Additional Data from Hepion Pharmaceuticals’ Phase 2a ‘AMBITION’ Trial Further Strengthens CRV431 Clinical Profile and Paves Way for Initiation of Phase 2b ‘ASCEND-NASH’ Clinical Program
- Pro-C3 and ALT reductions point to anti-inflammatory and antifibrotic effects of CRV431
- PK-PD models successfully predict early reductions in Pro-C3 and ALT
- Hepion’s proprietary AI-POWR™ and machine learning accurately predict CRV431 responders
- Anti-fibrotic gene expression signature revealed in bioinformatic analyses
- Phase 2b activities initiated
AMBITION, a multicenter, randomized, placebo controlled, single-blind Phase 2a trial, enrolled 43 NASH patients.

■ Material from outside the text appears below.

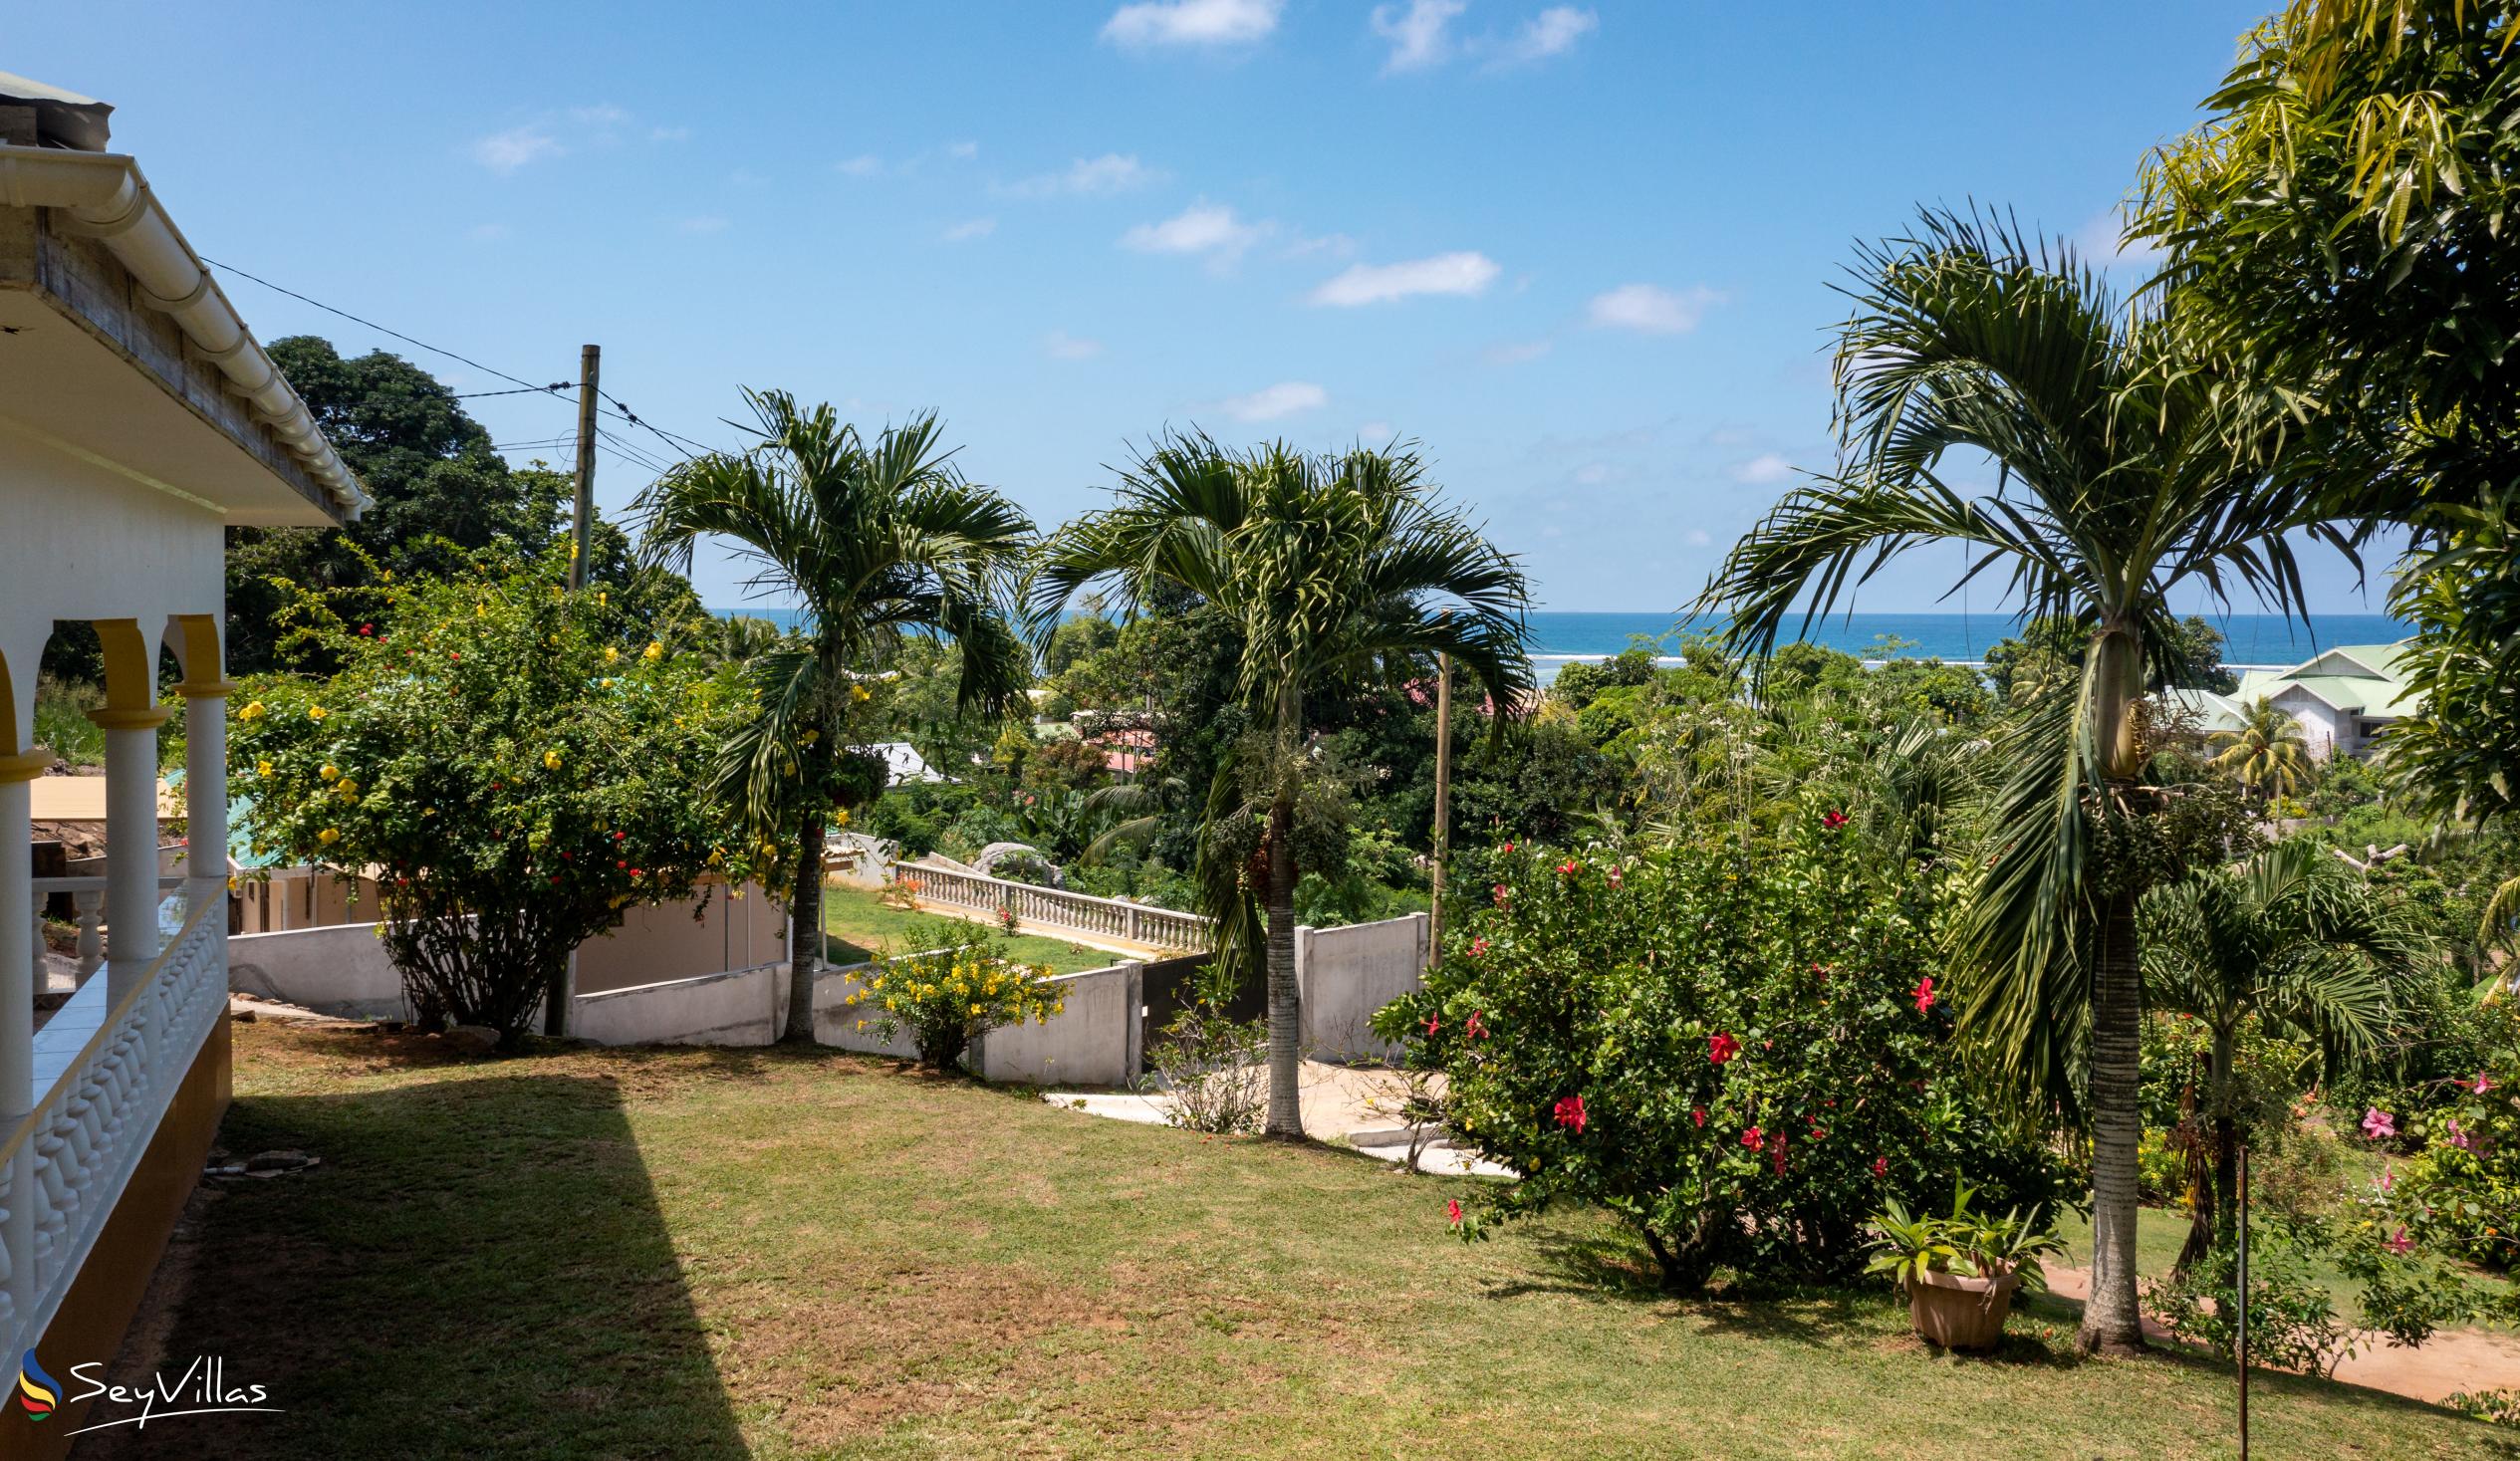 Foto 71: Maison Marikel - Villa 2 chambres - Mahé (Seychelles)

The trial was designed to investigate once daily oral administration of CRV431 at doses of 75 mg (n=12) and 225 mg (n=17) administered as soft gelatin capsules to presumed F2 and F3 NASH subjects for 28 days, followed by a 14-day observation period for safety.

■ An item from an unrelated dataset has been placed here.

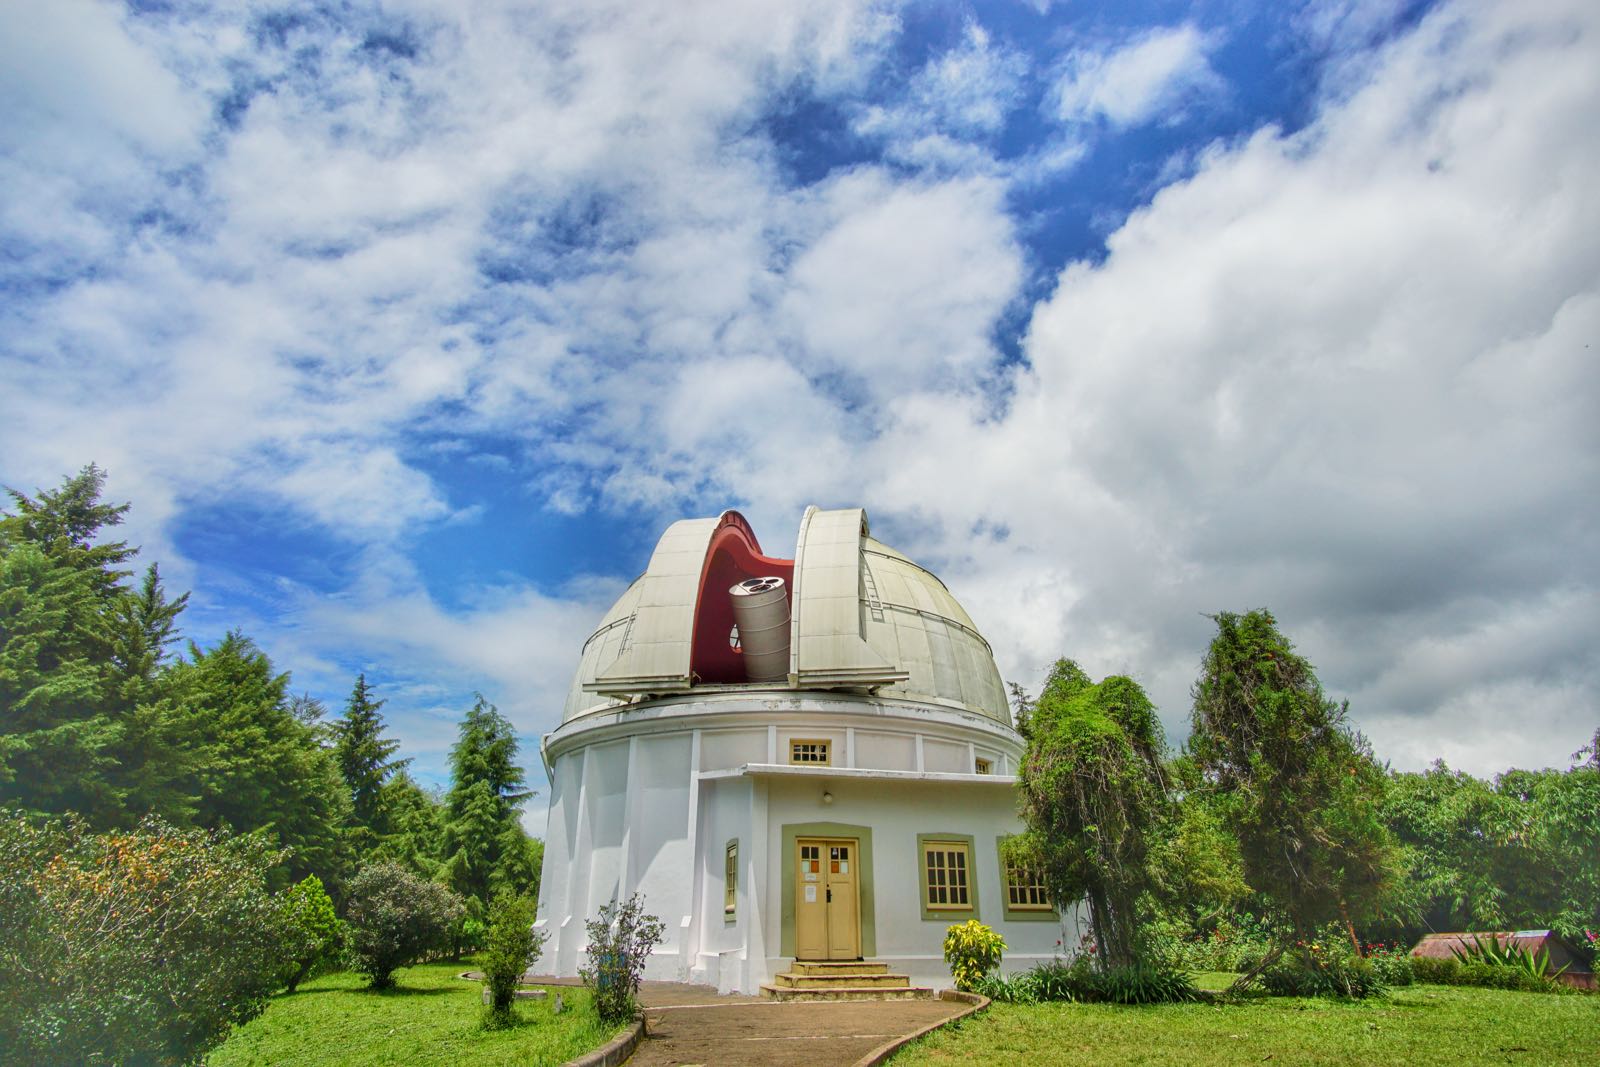 Download this Observatorium Bosscha Bandung Foto Nopanngluyur Wordpress picture

As previously reported, all primary endpoints of the AMBITION NASH trial (safety, tolerability and pharmacokinetics) were met.
Today, Hepion reports additional data on biomarkers, alanine aminotransferase (“ALT”) and N-terminal type III collagen pro-peptide (“Pro-C3”), as well as advanced pharmacologic and bioinformatic analyses that indicate CRV431 efficacy in treating NASH patients.

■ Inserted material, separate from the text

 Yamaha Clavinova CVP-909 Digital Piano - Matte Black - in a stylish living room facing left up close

Once-daily 225 mg dosing of CRV431 decreased mean Pro-C3 levels by 7.9% (-2.1 ng/ml) and 22.4% (-11.6 ng/ml) at days 28 and 42, respectively, in subjects stratified for baseline Pro-C3 levels greater than 17.5 ng/mL (n=7). Pro-C3 levels greater than 15-20 ng/ml are generally accepted to represent active NASH disease activity and the primary patient population for treatment by many NASH drug candidates. In contrast to the 225 mg CRV431 cohort, placebo treatment similarly stratified by baseline Pro-C3 greater than 17.5 ng/mL (n=9) resulted in a mean increase of 3.5% (0.7 ng/ml) and a mean decrease of 4.7% (-1.6 ng/ml) at days 28 and 42, respectively. The same Pro-C3 baseline stratification for the 75 mg CRV431 dose (n=11) resulted in a mean decrease in Pro-C3 of 9.1% by Day 42, indicating a dose-dependent effect. When stratified for baseline Pro-C3 levels greater than 15.0 ng/mL, 225 mg once daily CRV431 (n=9) reduced mean levels by 4.1% and 14.3% at days 14 and 28 days, respectively, compared to a mean increase of 1.5% and a decrease of 8.8% in the placebo group (n=9) at days 28 and 42, respectively. The reductions in Pro-C3 produced by CRV431 treatment mirror the previously reported dose-dependent declines in ALT.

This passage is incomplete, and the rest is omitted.